Troisièmement, White introduit par le biais du modèle, une hypothèse implicite quant aux comportements des entreprises qu’il approfondira une dizaine d’années plus tard. Selon lui, si les entreprises tendent à prendre des décisions qui ne modifient pas leurs niches et donc, valident la hiérarchie de niches qui structure le marché sur la période antérieure, c’est afin de ne pas prendre le risque de perdre des parts de marché. En effet, face à un environnement dont les producteurs ne savent rien d’autre que ce que véhiculent les signaux envoyés par les autres entreprises, la décision la plus raisonnable pour eux est le maintien de leur position dans la structure.
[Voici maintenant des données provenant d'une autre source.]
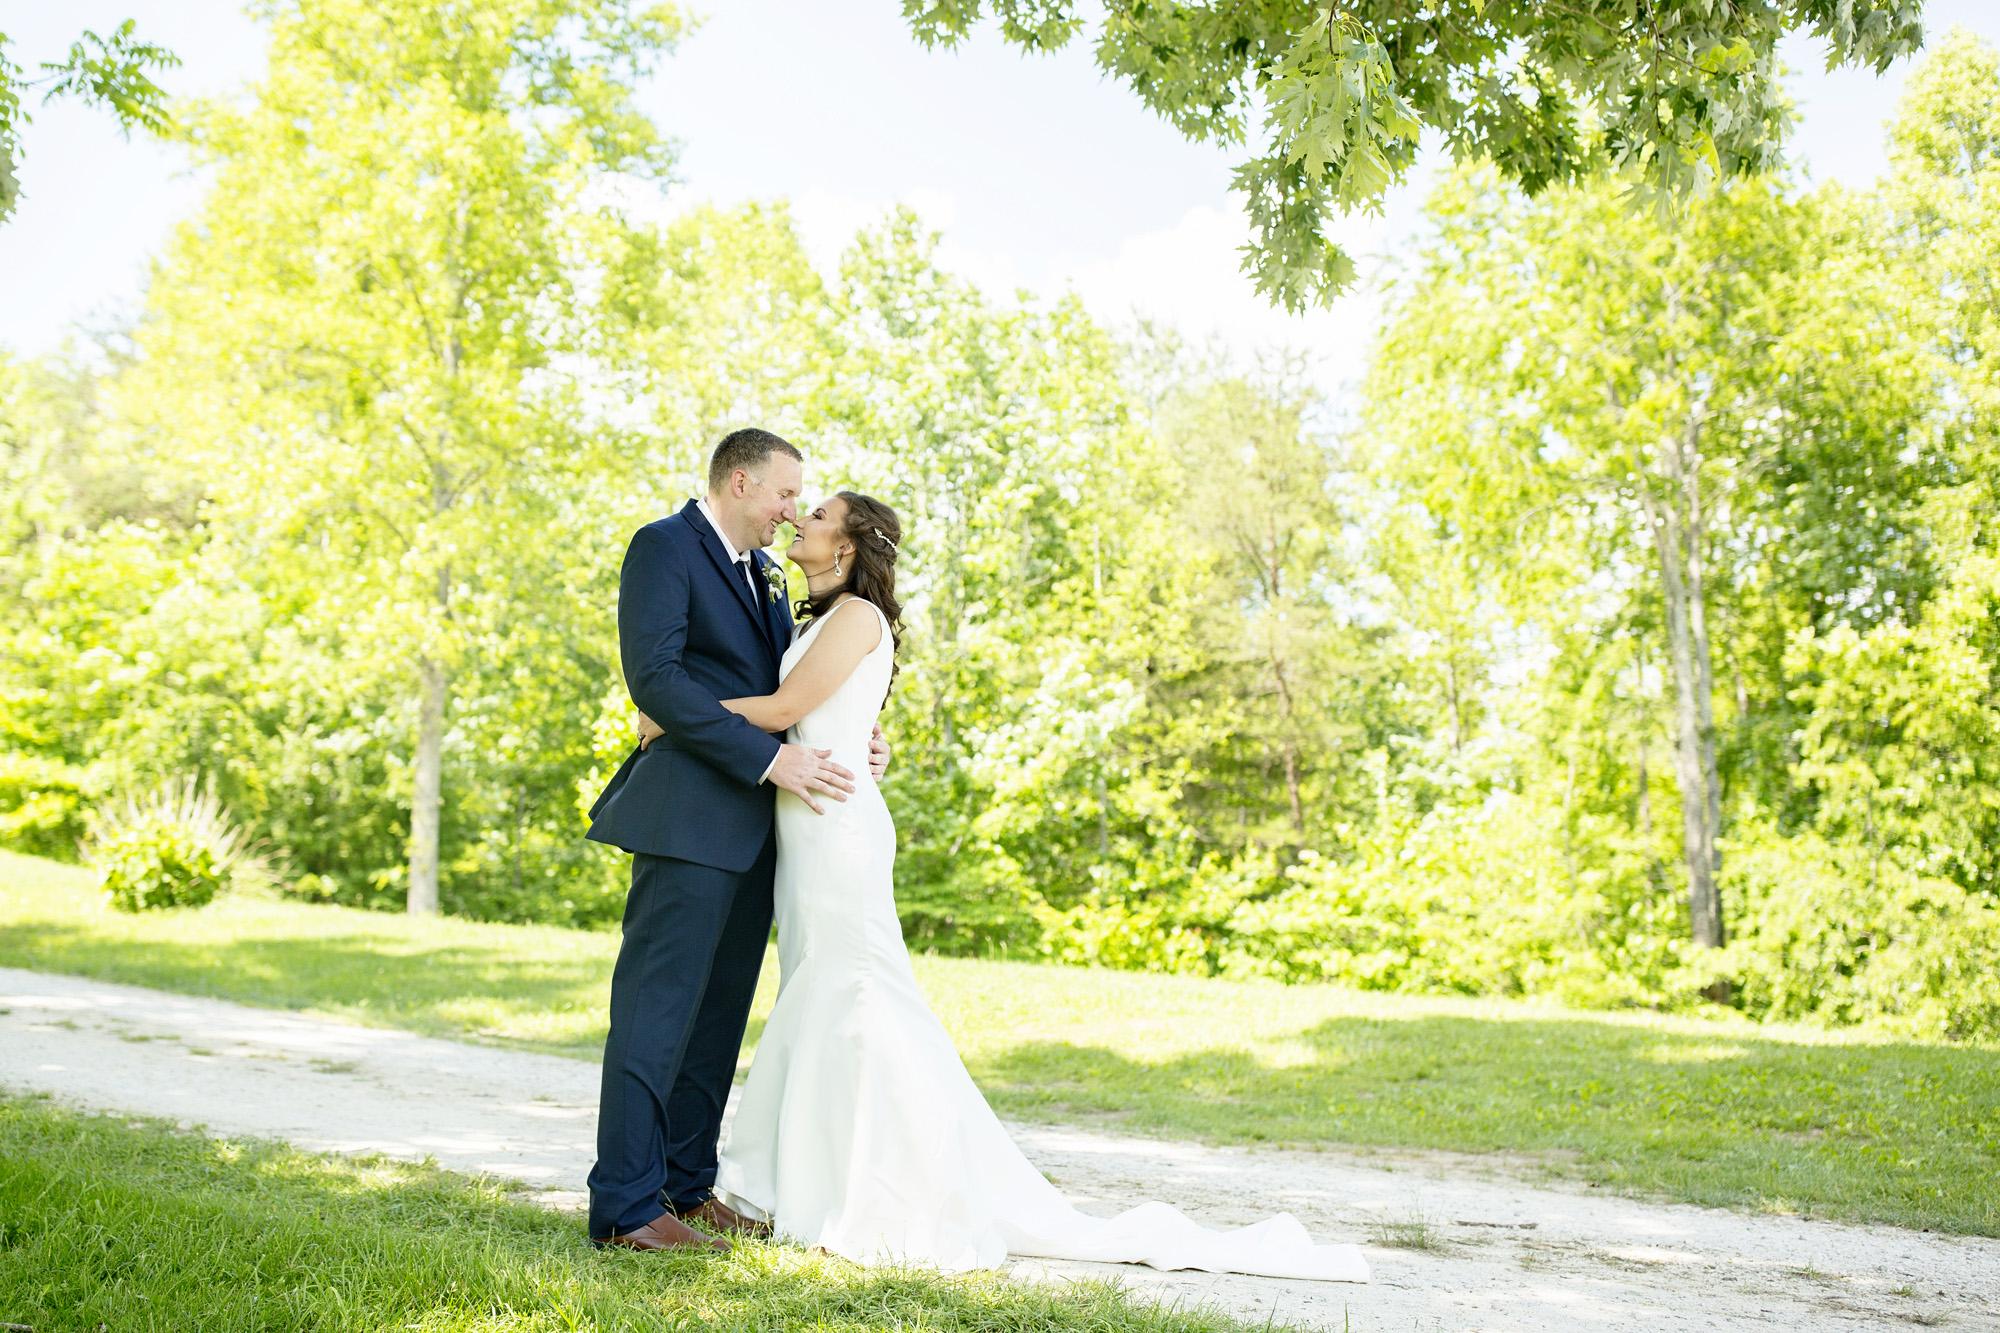 Seriously_Sabrina_Photography_Red_River_Gorge_Wedding_Barn_Robinson32.jpg

S’ils choisissaient de s’écarter de cette position et donc de la courbe W(.), il n’y aurait alors plus de cadre de référence pour la période suivante. Car si l’ensemble des points (y, W(y)) ne forme pas une figure simple et reconnaissable, dont la courbe W(y) puisse constituer une approximation, alors les entreprises ne sauront trop comment agir, et on sera en présence d’un système instable, dont on ne peut dire grand-chose tel celui de la figure 2.12 (correspondant à la figure 2.1 in White, 2002, p. 29) :

Figure 2.12

Si seul l’un des producteurs s’écarte de W(.), cela peut aussi signifier que le producteur en question n’appartient tout simplement pas ou plus à ce marché mais à un autre.

En quatrième et dernier lieu, on trouve, dès cette version initiale du modèle de White, la volonté de mettre l’accent sur une dimension plus pratique de sa théorie. Selon lui, le modèle peut servir aux entreprises pour prendre leurs décisions de sorte que « le marché devienne un système réaliste qui peut être utilisé par des entreprises concrètes » écrivent Leifer et White (1987, p. 105). Le modèle est en effet relativement facile à utiliser par les firmes car chacune d’entre elles

« connaît ses propres coûts de production pour une gamme de quantités. Elle n’a qu’à confronter ses coûts avec les opportunités de recettes possibles sur le marché et sélectionner la quantité produite appropriée qui maximise son profit. Ceci peut être fait [par Tony] avec un graphe [la figure 2.14 ci-dessous] (…) et une règle » (Leifer et White, 1987, p. 89).

Figure 2.14

Ainsi les hommes d’affaire peuvent-ils, selon Leifer et White, agir en fonction du cadre analytique défini par le modèle qui acquiert là une dimension pratique, une dimension que Leifer, commentant le modèle de White qualifie de « positive » :

« les entreprises peuvent construire, utiliser, reproduire le mécanisme du marché sans l’intervention de l’économètre ou d’un consultant (…). Le modèle affiche donc une ambition positive » (Leifer, 1985, p. 444).

Pour pouvoir comparer ses coûts au programme de marché W(y), le producteur doit toutefois connaître les valeurs des paramètres θ, γ, et K, ce qui ne va évidemment pas de soi.